GS: We’re still figuring it out. I will say that the space industry is in an interesting place right now, because you have a few of what people sometimes call “old space,” which are the legacy providers of launch equipment: Boeing, Raytheon, those large, usually defense companies. They’ve been around for a long time. Then you have a couple of quite big, but not as old, companies like SpaceX, which is the most obvious one out there, but also companies like Rocket Lab that are doing a lot and have a lot of expertise. But then, most other space companies still feel very much like startups, and a lot of the ones that NASA works with, a lot of our cutting-edge stuff are these much more startup kinds of companies with only a few dozen employees. When companies are like that, they typically are very technical heavy. They have a lot of engineers. They are product people. They don’t tend to have a lot of lawyers, and they don’t tend to have a lot of government relations and policy folks. So figuring out how to work with companies like that, that are all about the tech and know all about the engineering but haven’t really thought through the implications of what they’re doing—it reminds me a lot of conversations I have with people who work with Silicon Valley. They say that if someone has this great app or a new social network or whatever, and then put it out into the world, something unanticipated happens. Space is a little like that, where it’s a process of the US government and others helping the private sector recognize the implications of what they’re doing and then trying to get them to have something of a feedback process with us to figure it out. I don’t really have an answer yet. I will say that is one thing we’re still trying to think through.

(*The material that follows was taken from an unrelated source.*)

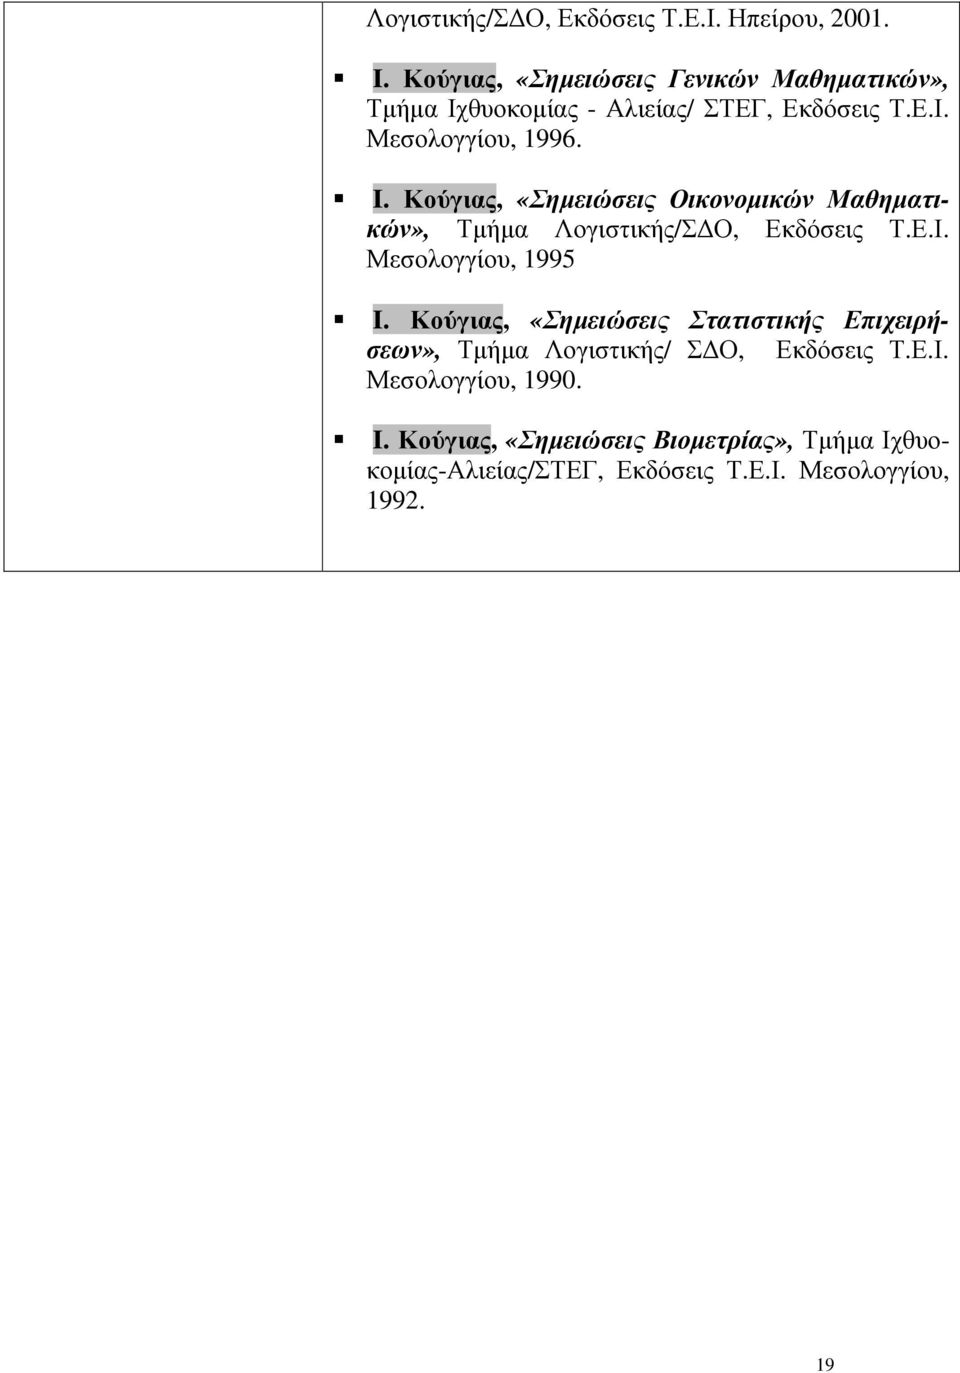 Κούγιας, «Σηµειώσεις Οικονοµικών Μαθηµατικών», Τµήµα Λογιστικής/Σ Ο, Εκδόσεις Τ.Ε.Ι. Μεσολογγίου, 1995 I.

Sometimes it involves talking with industry organizations. Americans often talk pejoratively about lobbyists and industry groups, and certainly there’s problems in our political system about that. But there’s something to be said for an industry organization that represents an entire industry or a subcategory of an industry, which makes it easier to get their perspective. So we often work with industry groups. And of course, these are companies where we also have to be really careful not to be either giving preference or information, or taking policy positions, for example, that have actually been pushed by a company, for competitive reasons, as opposed to good reasons on behalf of the nation. Sometimes, companies will use law and policy to get advantages over their competition as well. It’s a tricky one, and I think we’re still figuring it out. It makes me a little bit jealous sometimes of my colleagues back in the State Department that work with more mature industries. I never would have thought I would be jealous of people who have lots of lobbyists that they that they talk to, an industry like the oil industry or the automotive industry, which have very deep benches when it comes to thinking about policy issues and would happily tell you what the rule should be. In fact, they’ll try to write your legislation for you. Space isn’t like that. And interestingly, they largely look to the government to look out for the interest of private sector actors and design the policy and legal solutions for the future, which is exciting. It’s fun to be one of the ones that does that, but it’s also a little bit terrifying, because sometimes you’re trying to figure out what’s good for industry and what’s good for the future even though you’re one more step removed from that than you might be in another industry.

JIA: If there is that imbalance on the legal side, where you don’t have an obvious counterpart in an organization, what do you do in that context?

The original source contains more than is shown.